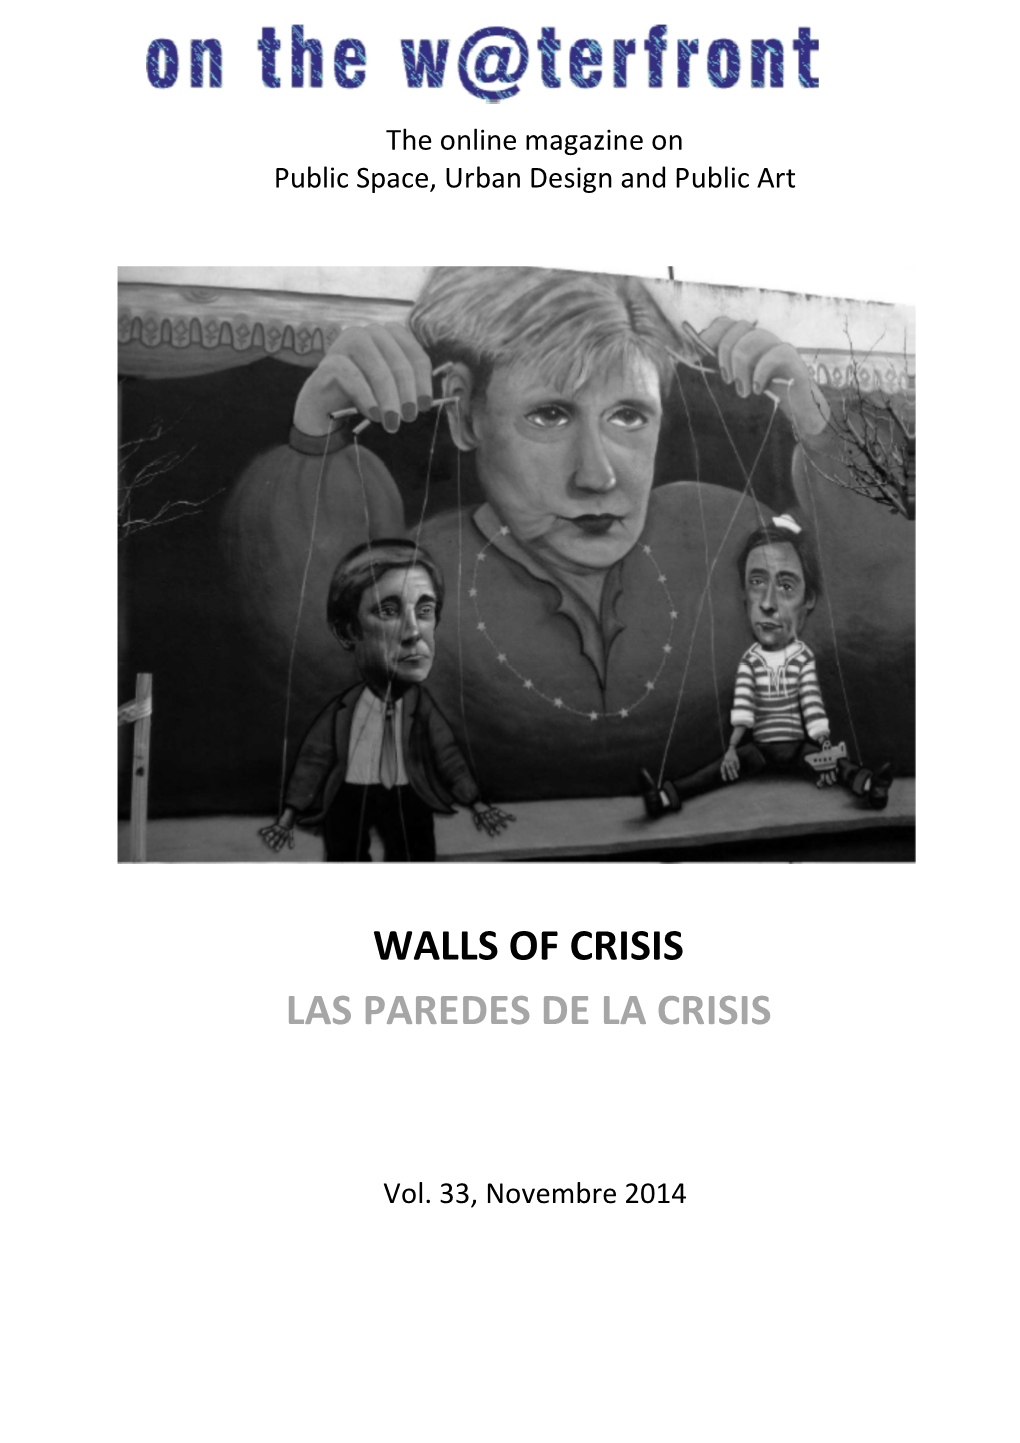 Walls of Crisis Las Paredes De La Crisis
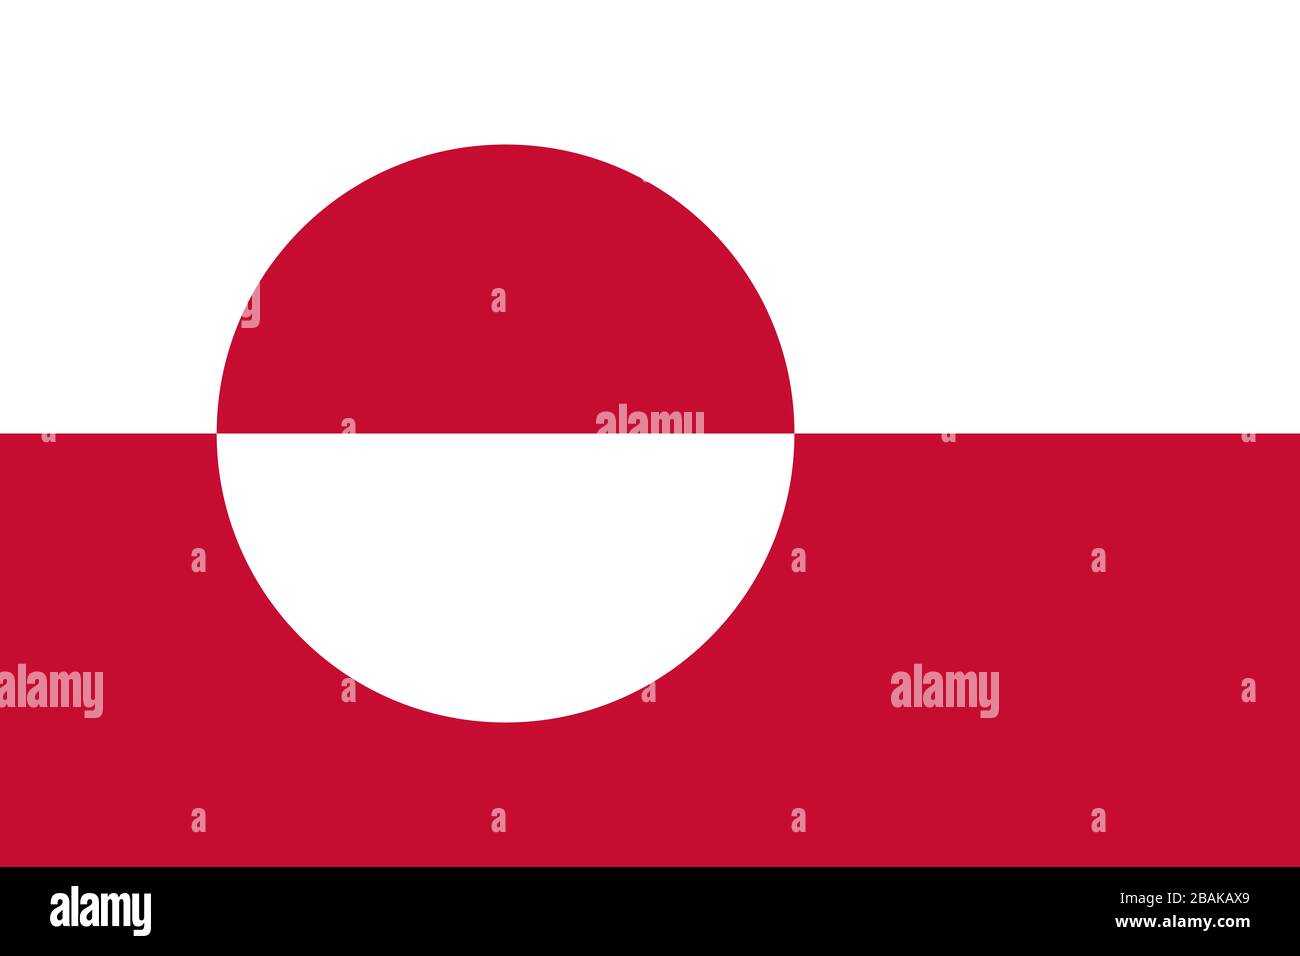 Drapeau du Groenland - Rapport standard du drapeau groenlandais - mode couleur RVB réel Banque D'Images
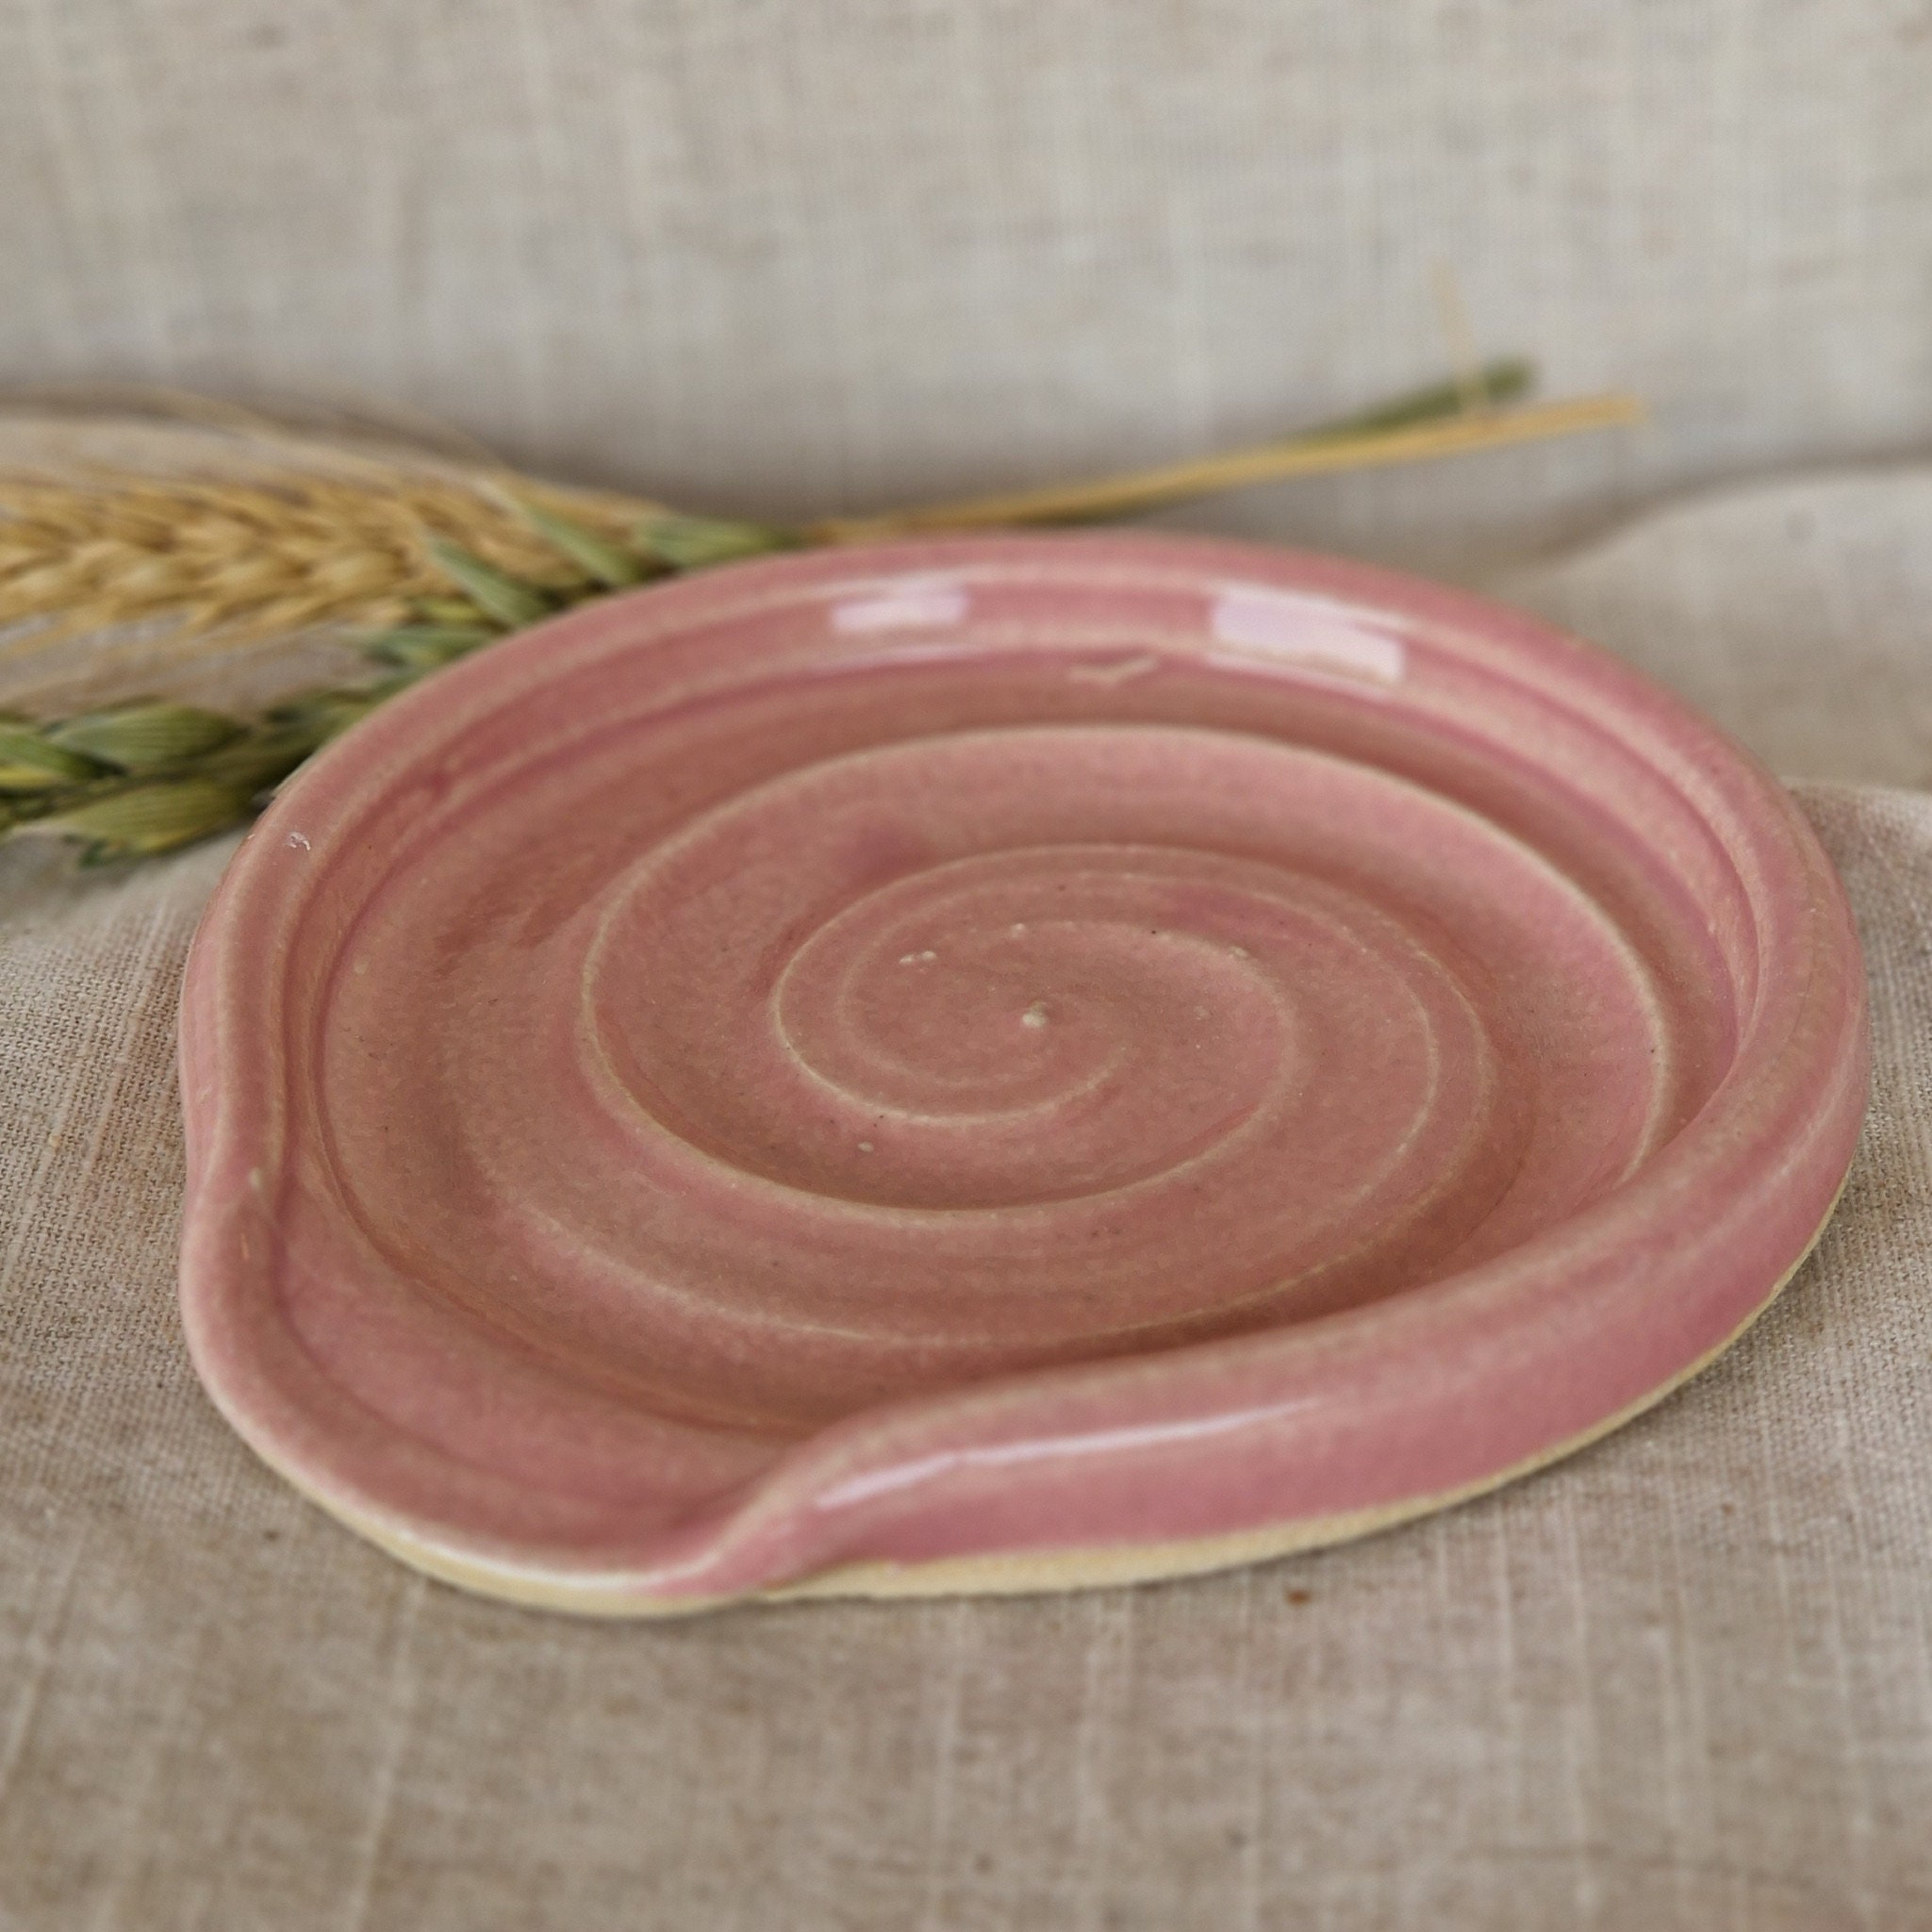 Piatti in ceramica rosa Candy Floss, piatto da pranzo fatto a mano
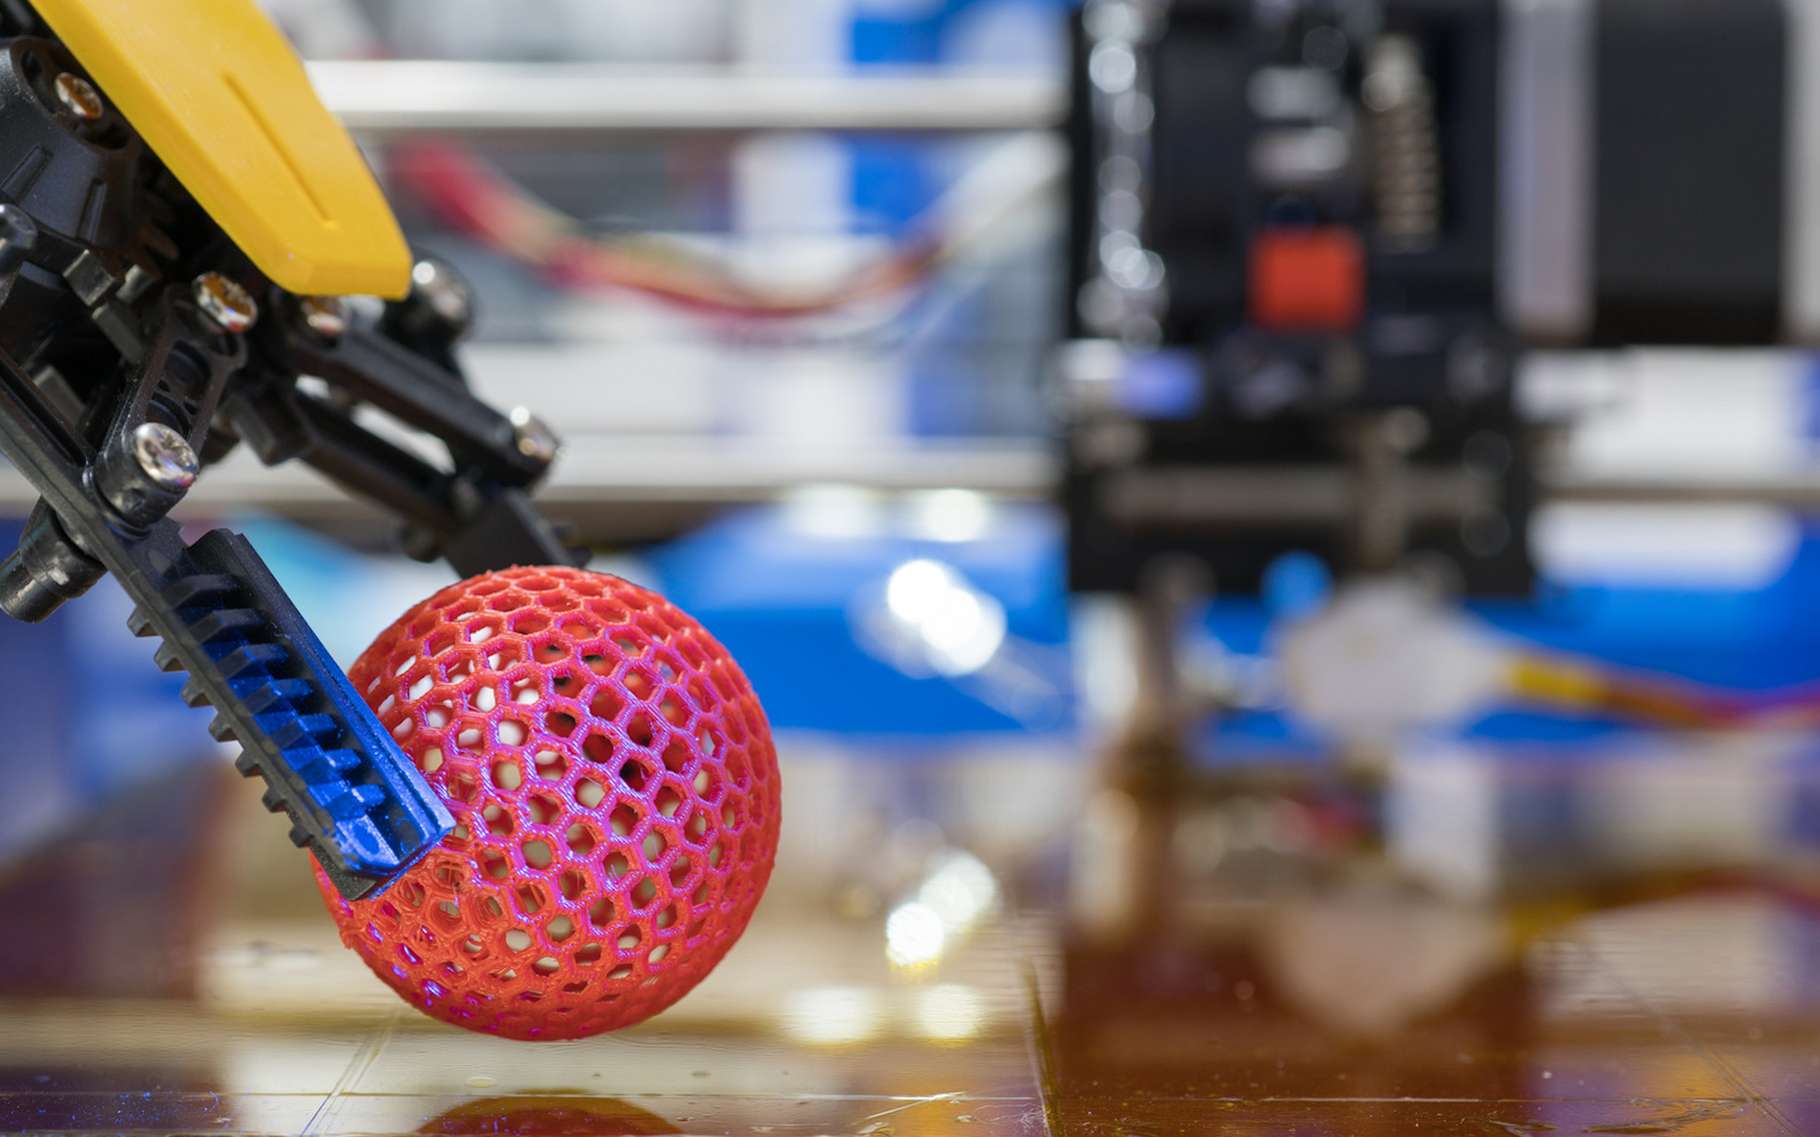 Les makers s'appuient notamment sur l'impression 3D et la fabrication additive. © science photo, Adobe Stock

▶ [Problem requirements]
Repeat the material above word for word, please, apart from its images.

▶ [Reply]
 Walls of Crisis Las Paredes De La Crisis
 Drapeau du Groenland - Rapport standard du drapeau groenlandais - mode couleur RVB réel Banque D'Images
 Piatti in ceramica rosa Candy Floss, piatto da pranzo fatto a mano
 Les makers s'appuient notamment sur l'impression 3D et la fabrication additive. © science photo, Adobe Stock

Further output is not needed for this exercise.